What is needed —
Starting with the line that contains "Dollar wallpaper royalty", return every line through the end of the listing below exactly as written. Omit the pictures.

Given material —

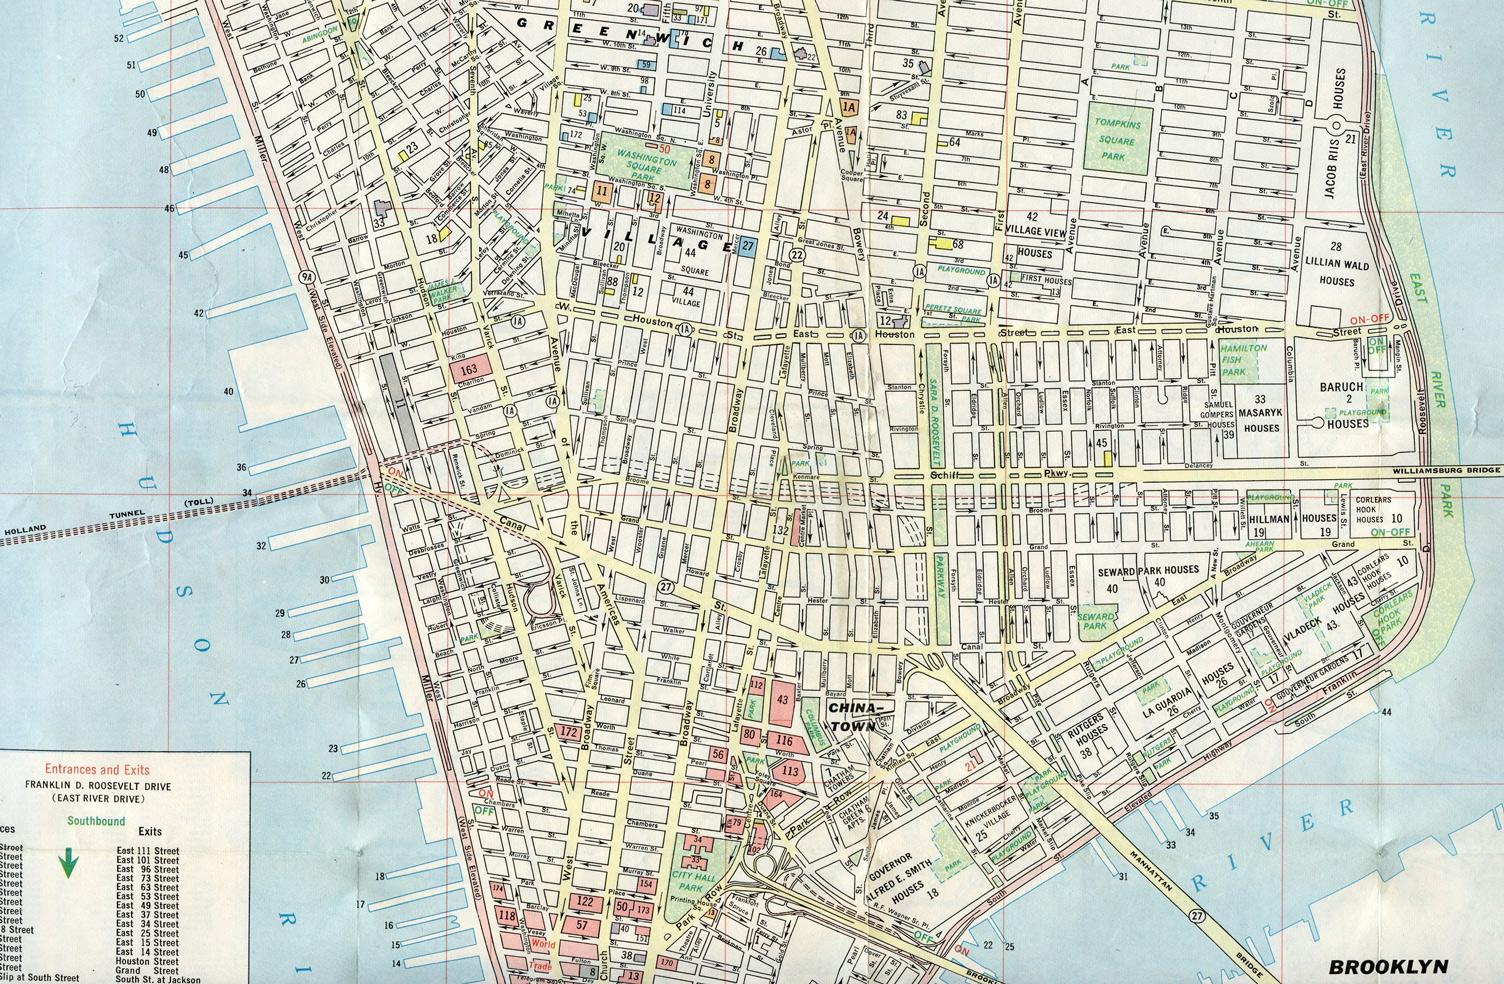 Lower Manhattan, NY - 1968
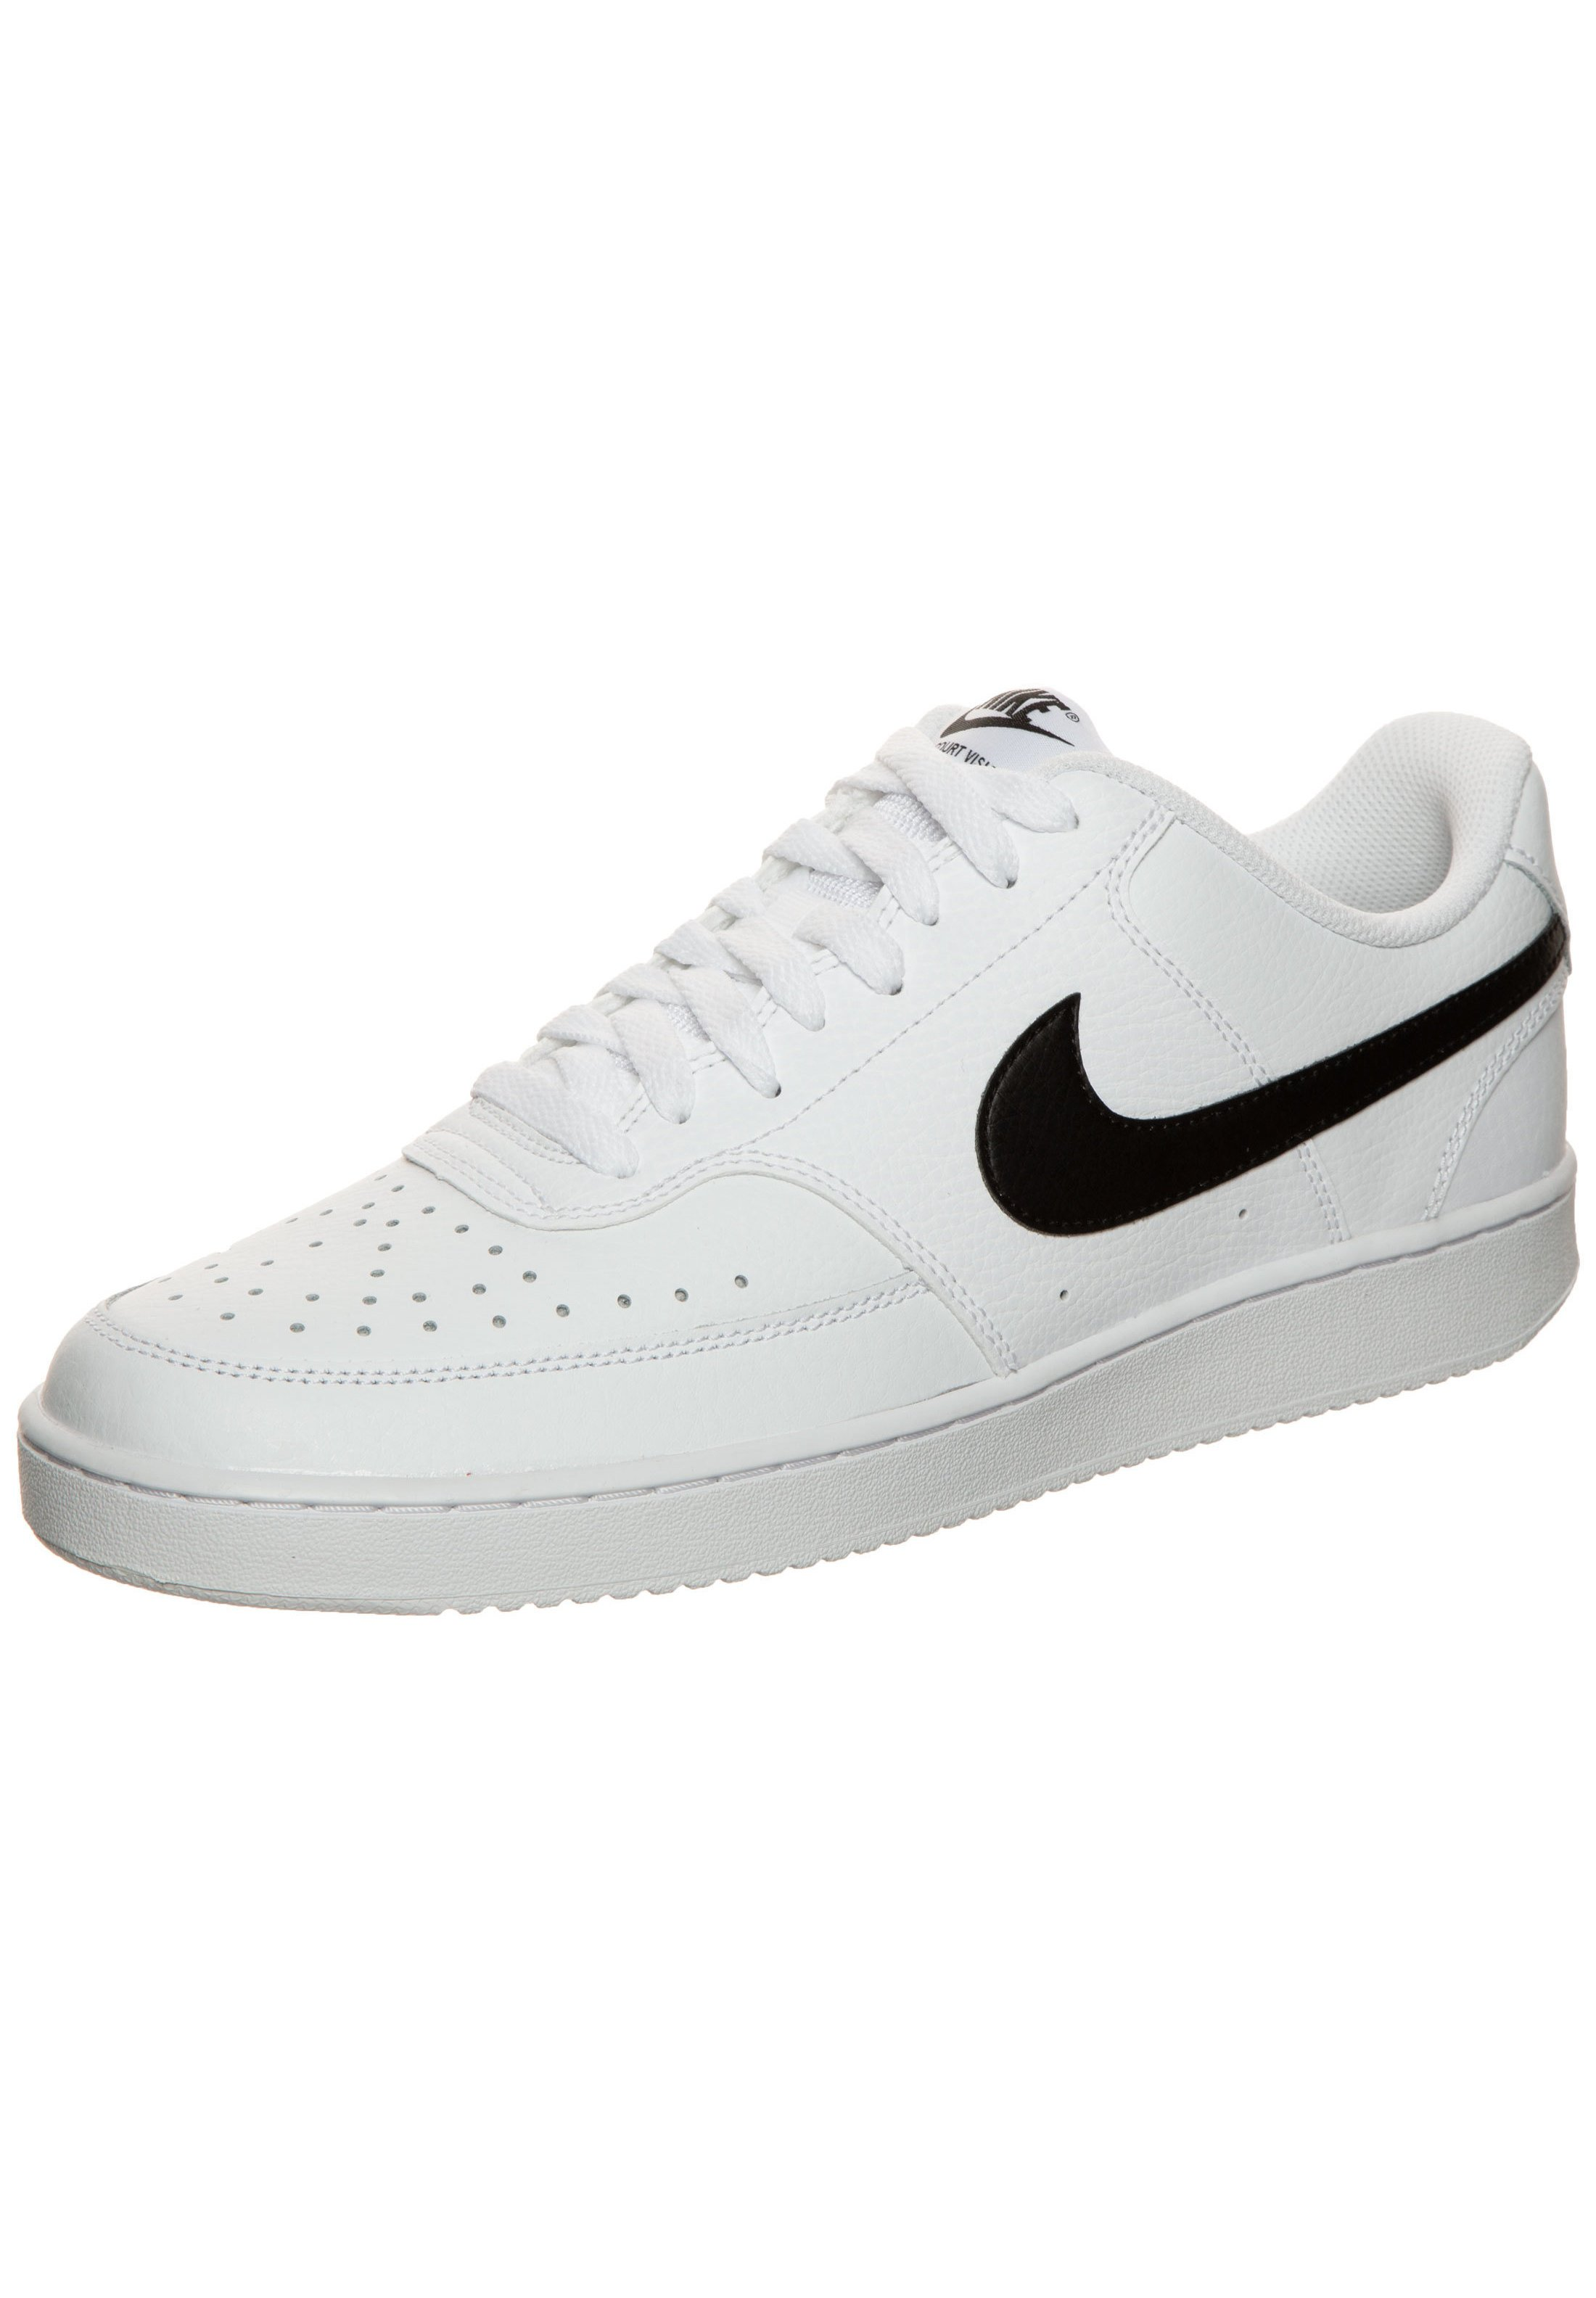 Nike Sportswear Sneaker low - white/black/white/weiß - Herrenschuhe 6g43O
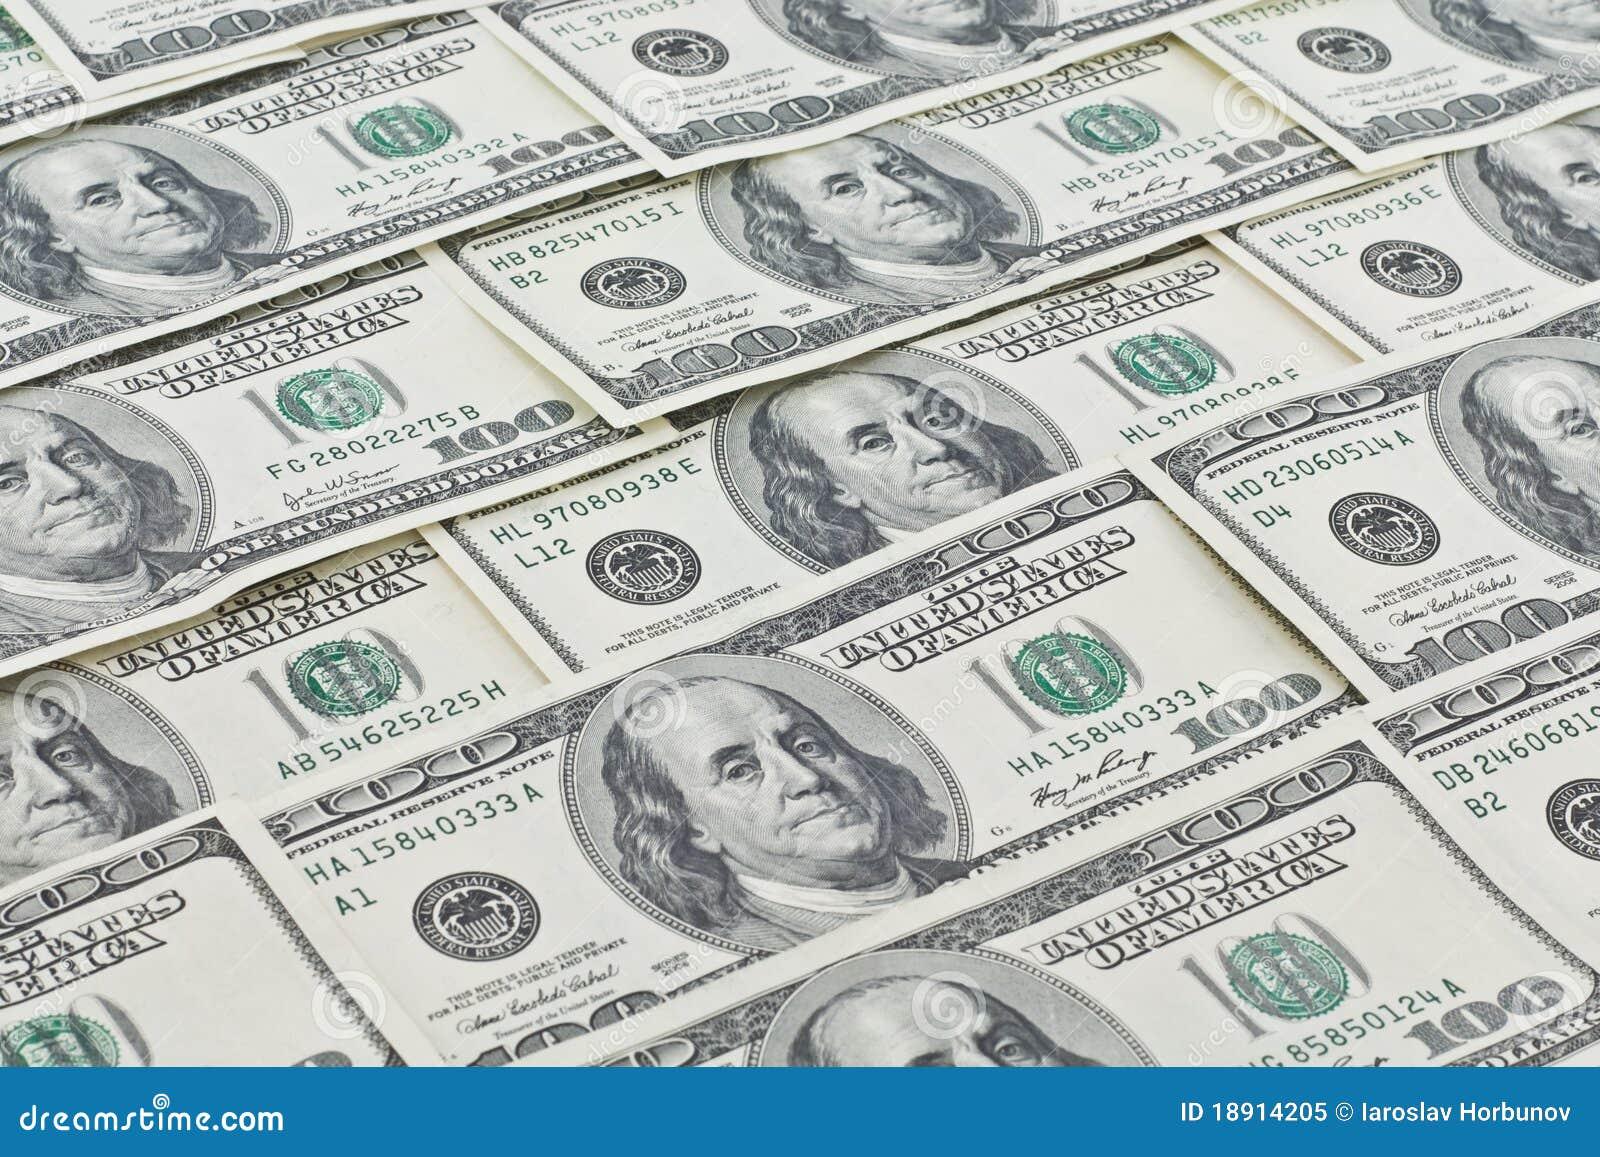 Dollar wallpaper royalty free stock photo image 18914205 - Dollar wallpaper ...
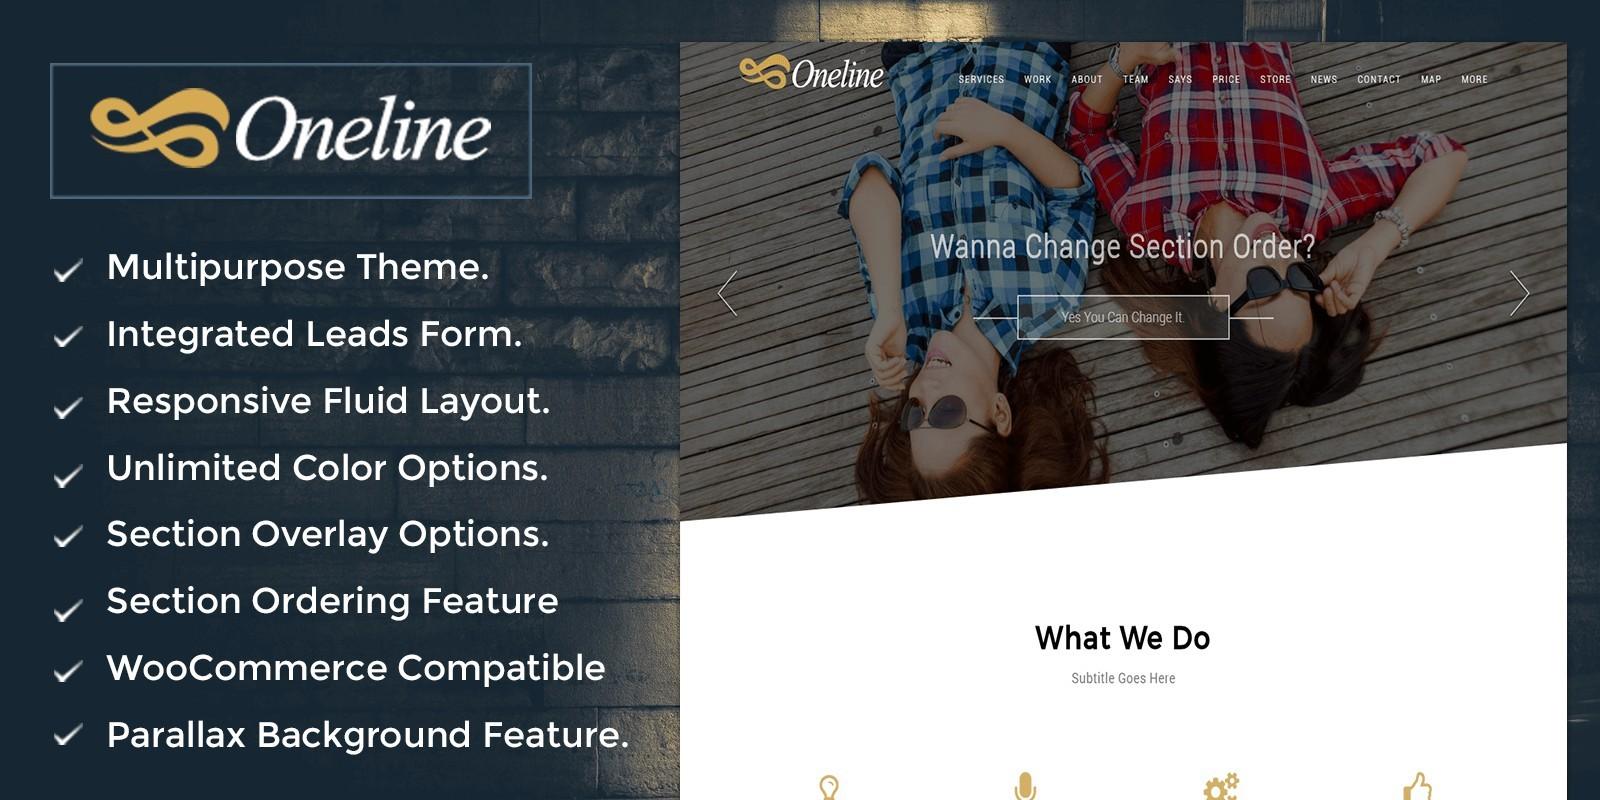 OneLine – Multipurpose WordPress Theme

Final answer —
 Dollar wallpaper royalty free stock photo image 18914205 - Dollar wallpaper ...
 OneLine – Multipurpose WordPress Theme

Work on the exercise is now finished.